DC/OS provides FQDNs in different zones that offer a clean way of accessing services through predictable URLs. If you are using DC/OS Overlay, you should use one of the FQDNs provided by the DC/OS DNS service to make it easy for clients to discover the location of your service.

  • The limitation on the total number of containers on DC/OS Overlay is the same value as the number of IP addresses available on the overlay subnet. However, the limitation on the number of containers on an agent depends on the subnet (which will be a subset of the overlay subnet) allocated to the agent. For a given agent subnet, half the address space is allocated to the MesosContainerizer and the other half is allocated to the DockerContainerizer.

  • In DC/OS Overlay, the subnet of a virtual network is sliced into smaller subnets and these smaller subnets are allocated to agents. When an agent has exhausted its allocated address range and a service tries to launch a container on the virtual network on this agent, the container launch will fail and the service will receive a TASK_FAILED message.

    Since there is no API to report the exhaustion of addresses on an agent, it is up to the service to conclude that containers cannot be launched on a virtual network due to lack of IP addresses on the agent. This limitation has a direct impact on the behavior of services, such as Marathon, that try to launch services with a specified number of instances. Due to this limitation, services such as Marathon might not be able to complete their obligation of launching a service on a virtual network if they try to launch instances of a service on an agent that has exhausted its allocated IP address range.

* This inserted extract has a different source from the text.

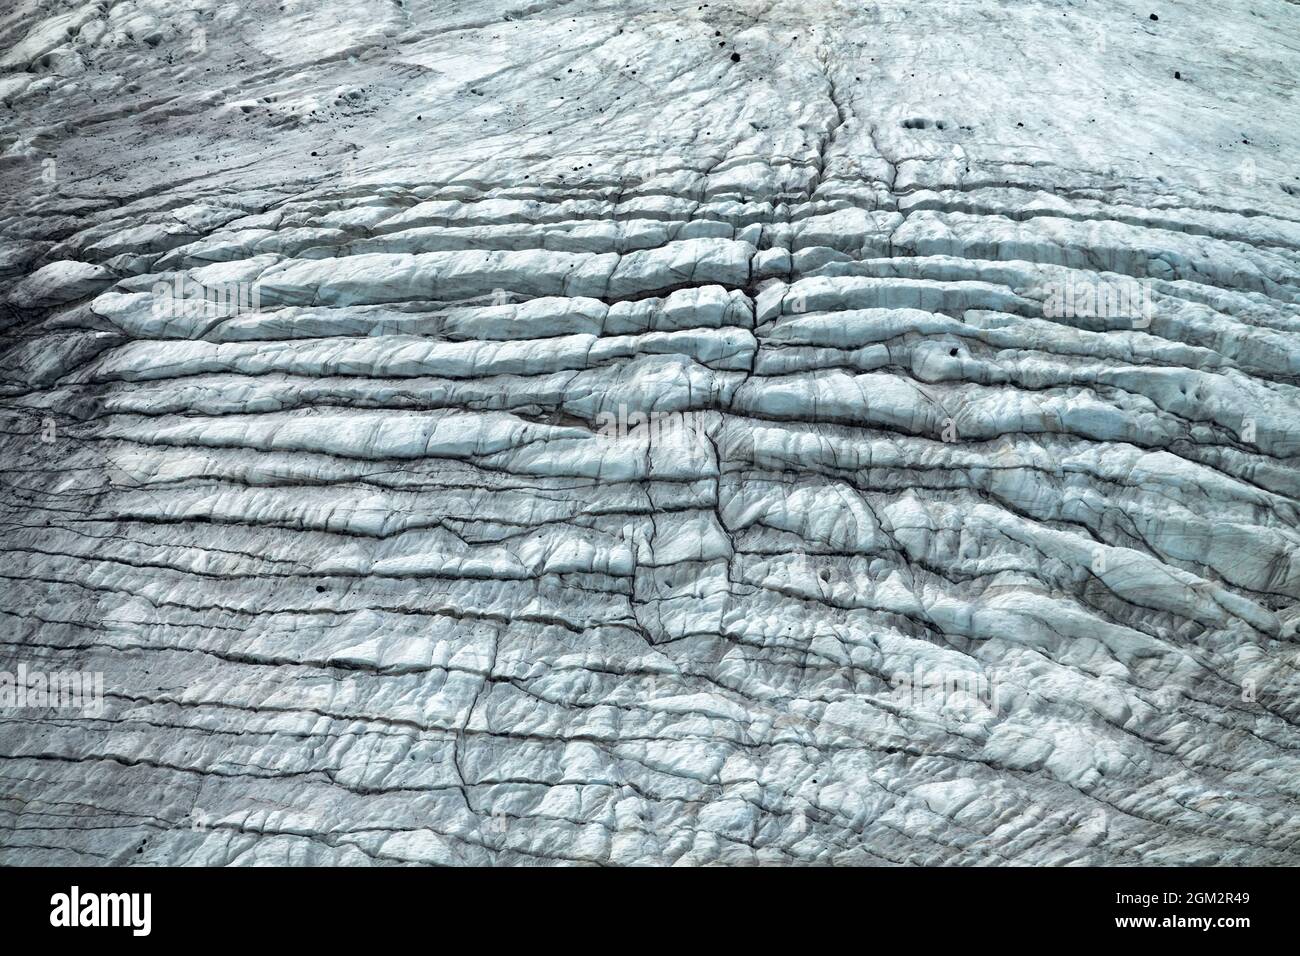 Glaziologie. Berggletscher (alpiner). Gletscheroberfläche - Eisknarren und Mattenstreifen Stockfoto

    Keep this limitation in mind when debugging issues on frameworks that use a virtual network and you see the TASK_FAILED message.

  • DC/OS Overlay uses Linux bridge devices on agents to connect Mesos and Docker containers to the virtual network. The names of these bridge devices are derived from the virtual network name. Since Linux has a limitation of fifteen characters on network device names, there is a character limit of thirteen characters for the virtual network name (two characters are used to distinguish between a CNI bridge and a Docker bridge on the virtual network).

  • Certain names are reserved and cannot be used as DC/OS Overlay names. The is because DC/OS Overlay uses Docker networking underneath to connect Docker containers to the overlay, which in turn reserves certain network names. The reserved names are: host, bridge and default.

  • Marathon health checks will not work with certain DC/OS Overlay configurations. If you are not using the default DC/OS Overlay configuration and Marathon is isolated from the virtual network, health checks will fail consistently even if the service is healthy.

    Marathon health checks will work in any of the following circumstances:

    • You are using the default DC/OS Overlay configuration.
    • Marathon has access to the virtual network.
    • You use a command health check.